Brief Behavioral Therapy for Refractory Insomnia in Residual Depression: An Assessor-Blind, Randomized Controlled Trial

Norio Watanabe, MD, PhD; Toshi A. Furukawa, MD, PhD; Shinji Shimodera, MD, PhD; Ippei Morokuma, MD; Fujika Katsuki, RN, PhD; Hirokazu Fujita, MD, PhD; Megumi Sasaki, PhD; Chihiro Kawamura, BA; and Michael L. Perlis, PhD

Published: March 8, 2011

Article Abstract

Objective: Insomnia often persists despite pharmacotherapy in depression and represents an obstacle to its full remission. This study aimed to investigate the added value of brief behavioral therapy for insomnia over treatment as usual (TAU) for residual depression and refractory insomnia.
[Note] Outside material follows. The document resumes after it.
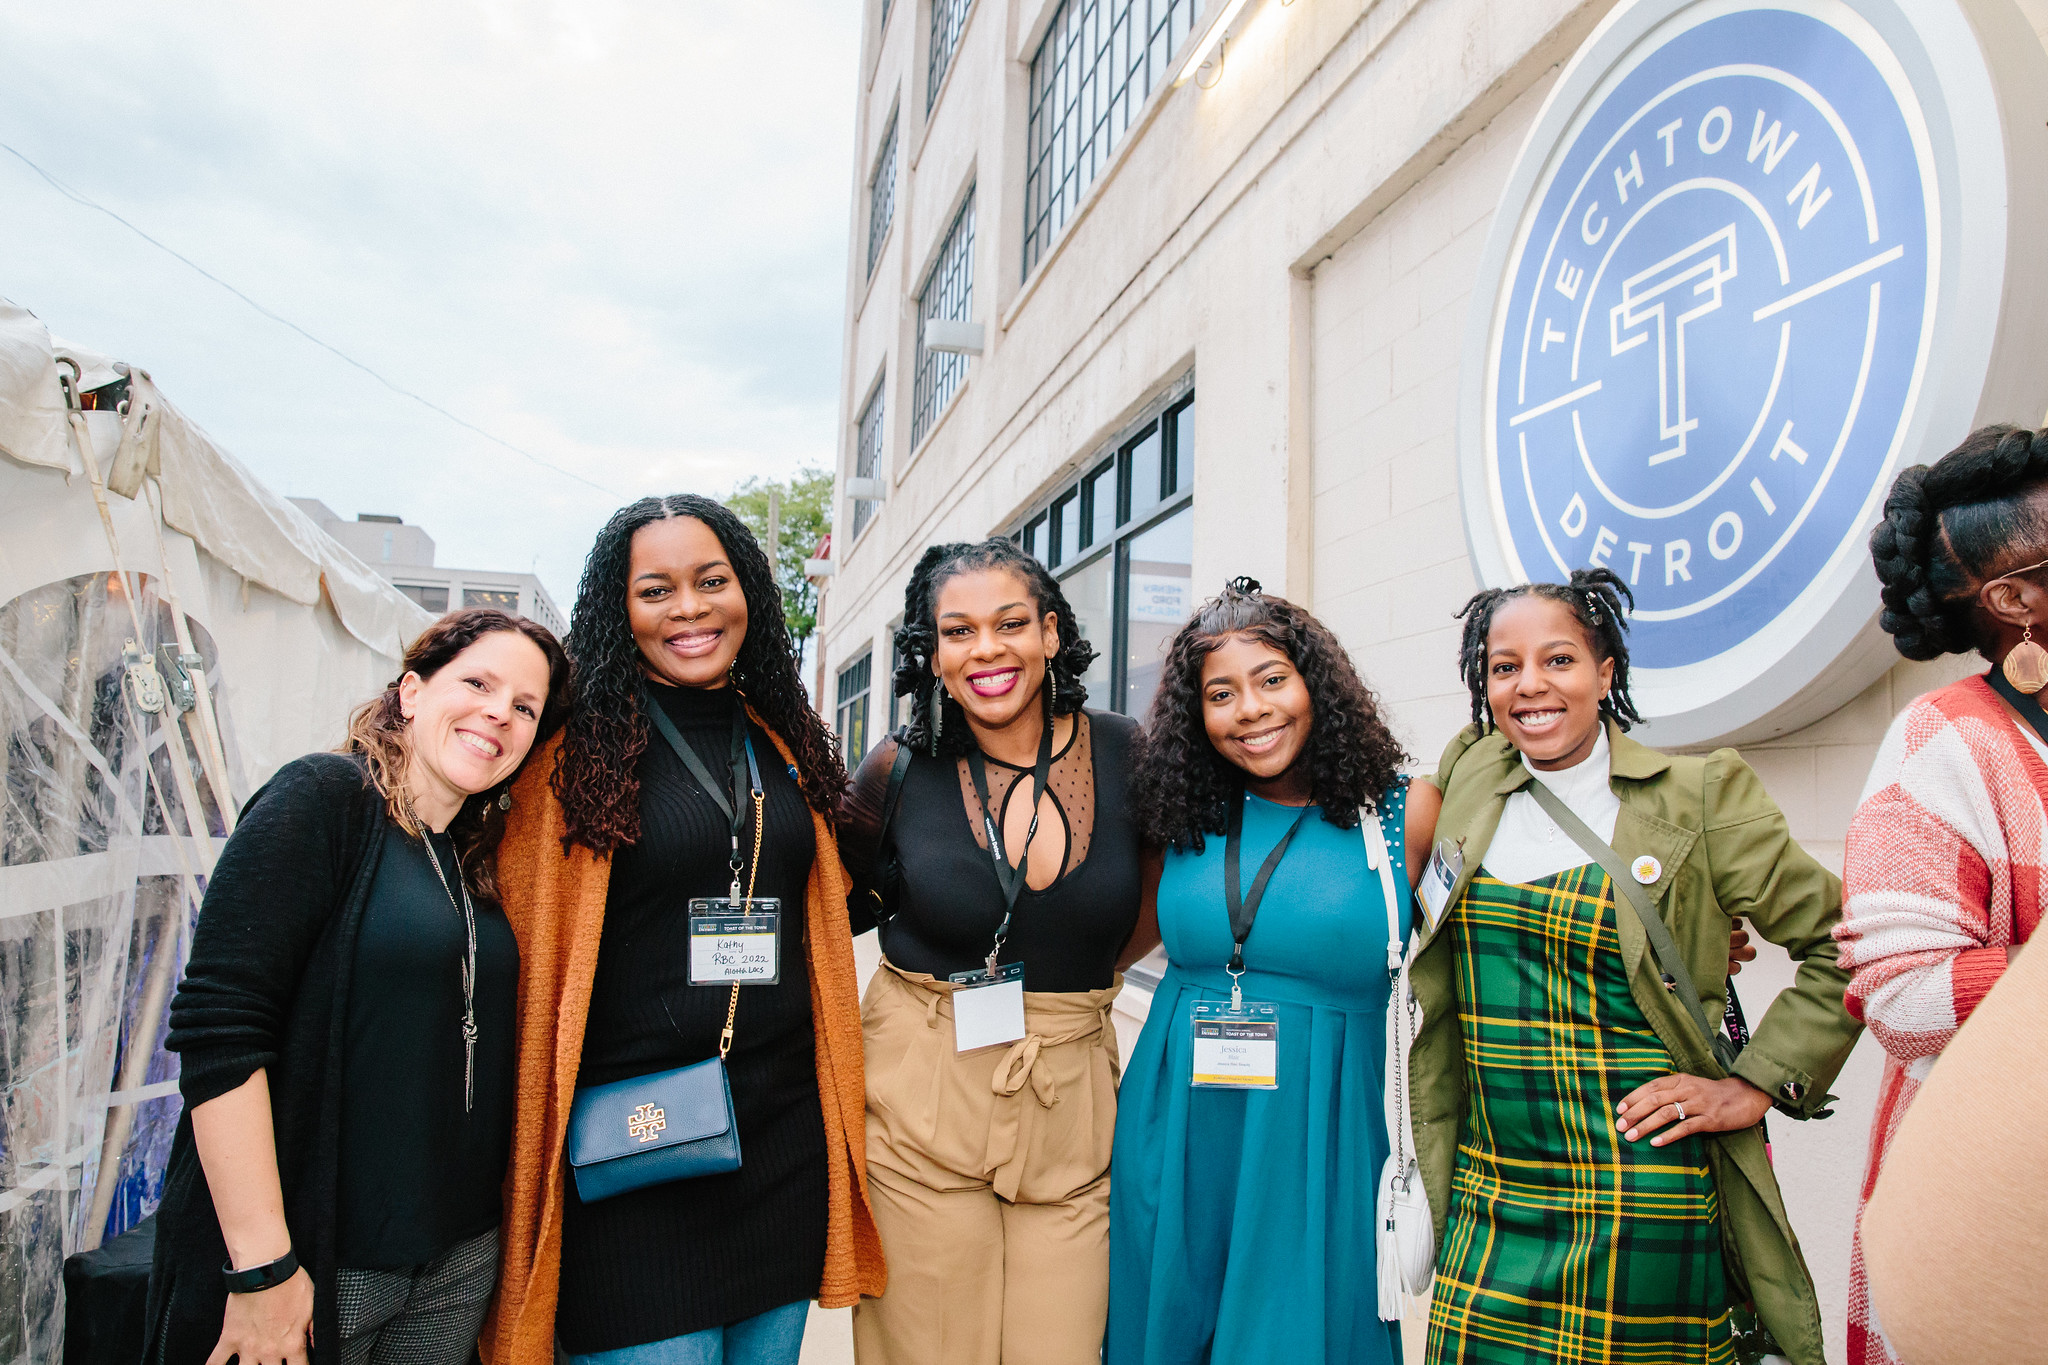  Christina Devlin (left), retail strategist at TechTown Detroit, gathers with program alumni and local small business owners at the 2022 Toast of the Town.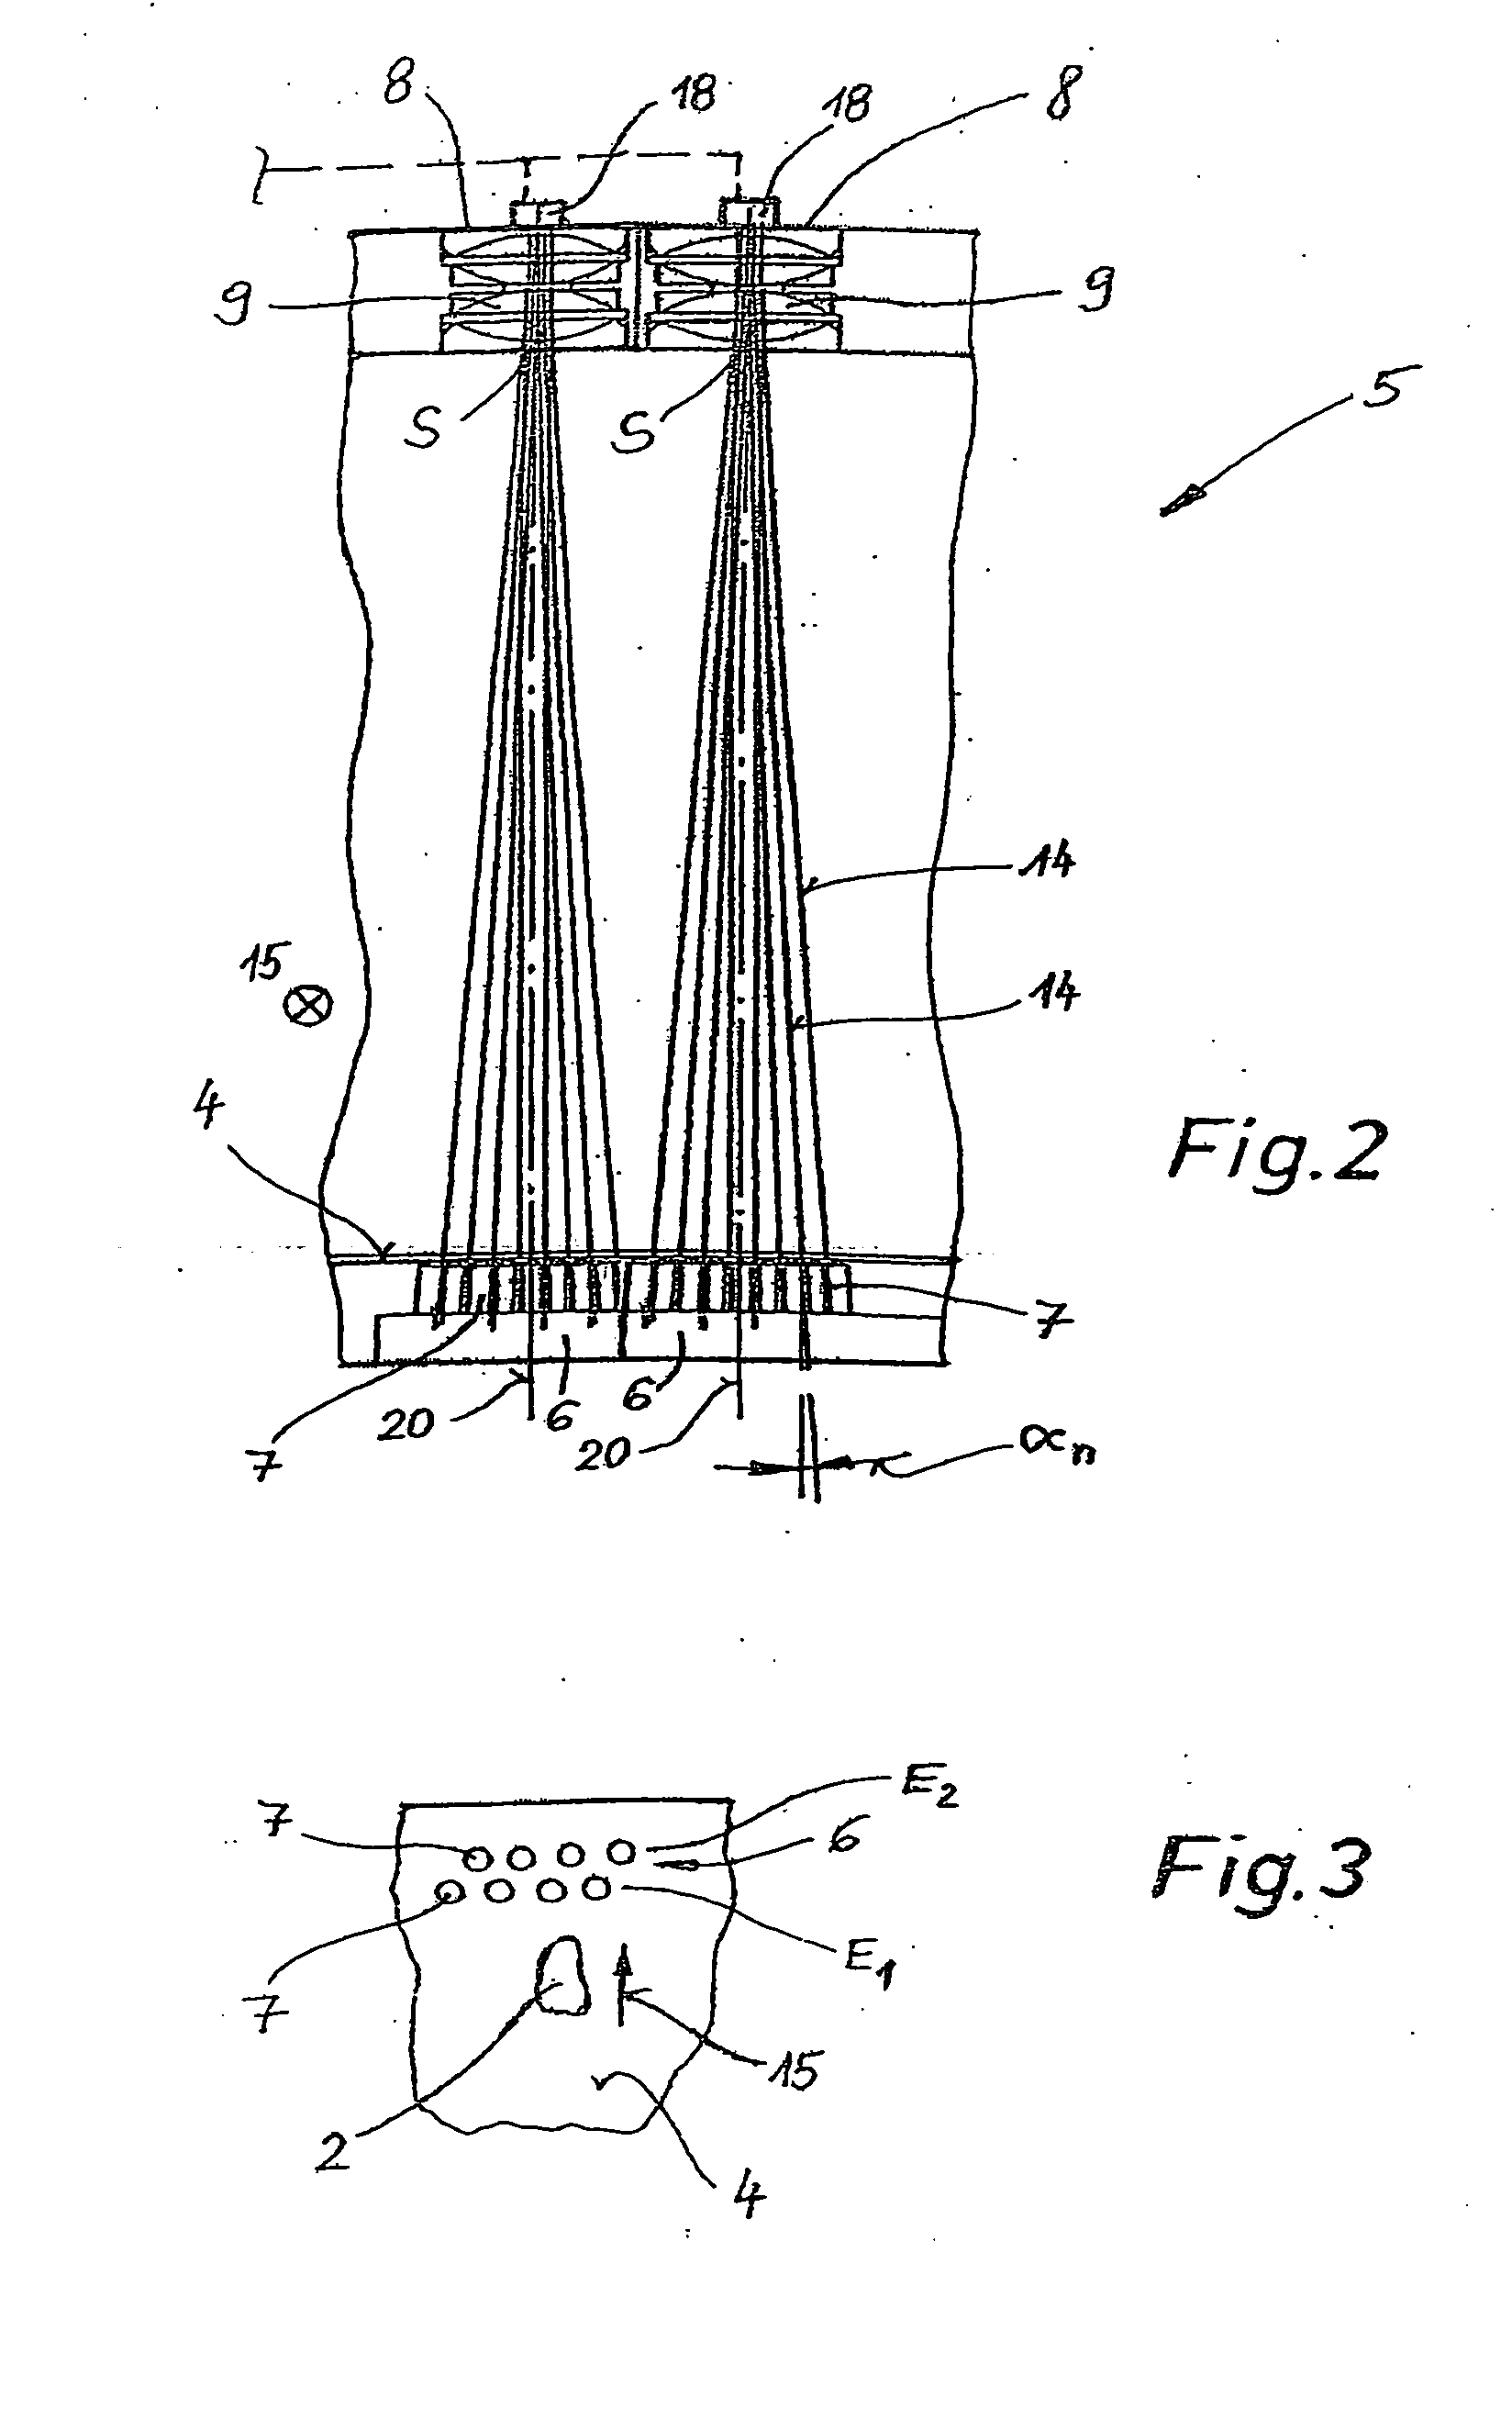 Method for Detecting and Removing Foreign Bodies

Method: Thirty-seven outpatients (mean age of 50.5 years) were randomly assigned to TAU alone or TAU plus brief behavioral therapy for insomnia, consisting of 4 weekly 1-hour individual sessions. The Insomnia Severity Index (ISI) scores (primary outcome), sleep parameters, and GRID-Hamilton Depression Rating Scale (GRID-HAMD) scores were assessed by blind raters and remission rates for both insomnia and depression were collected at 4- and 8-week follow-ups. The patients were recruited from February 18, 2008, to April 9, 2009.

Results: Brief behavioral therapy for insomnia plus TAU resulted in significantly lower ISI scores than TAU alone at 8 weeks (P < .0005). The sleep efficiency for the combination was also significantly better than that for TAU alone (P = .015). Significant differences were observed in favor of the combination group on both the total GRID-HAMD scores (P = .013) and the GRID-HAMD scores after removing the 3 sleep items (P = .008). The combination treatment produced higher rates of remission than TAU alone, both in terms of insomnia (50% vs 0%), with a number needed to treat (NNT) of 2 (95% CI, 1-4), and in terms of depression (50% vs 6%), with an NNT of 2 (95% CI, 1-5).

Conclusions: In patients with residual depression and treatment refractory insomnia, adding brief behavioral therapy for insomnia to usual clinical care produced statistically significant and clinically substantive added benefits.

Trial Registration: clinicaltrials.gov Identifier: NCT00610259

J Clin Psychiatry

Submitted: March 21, 2010; accepted June 14, 2010.

Online ahead of print: March 8, 2011 (doi:10.4088/JCP.10m06130gry).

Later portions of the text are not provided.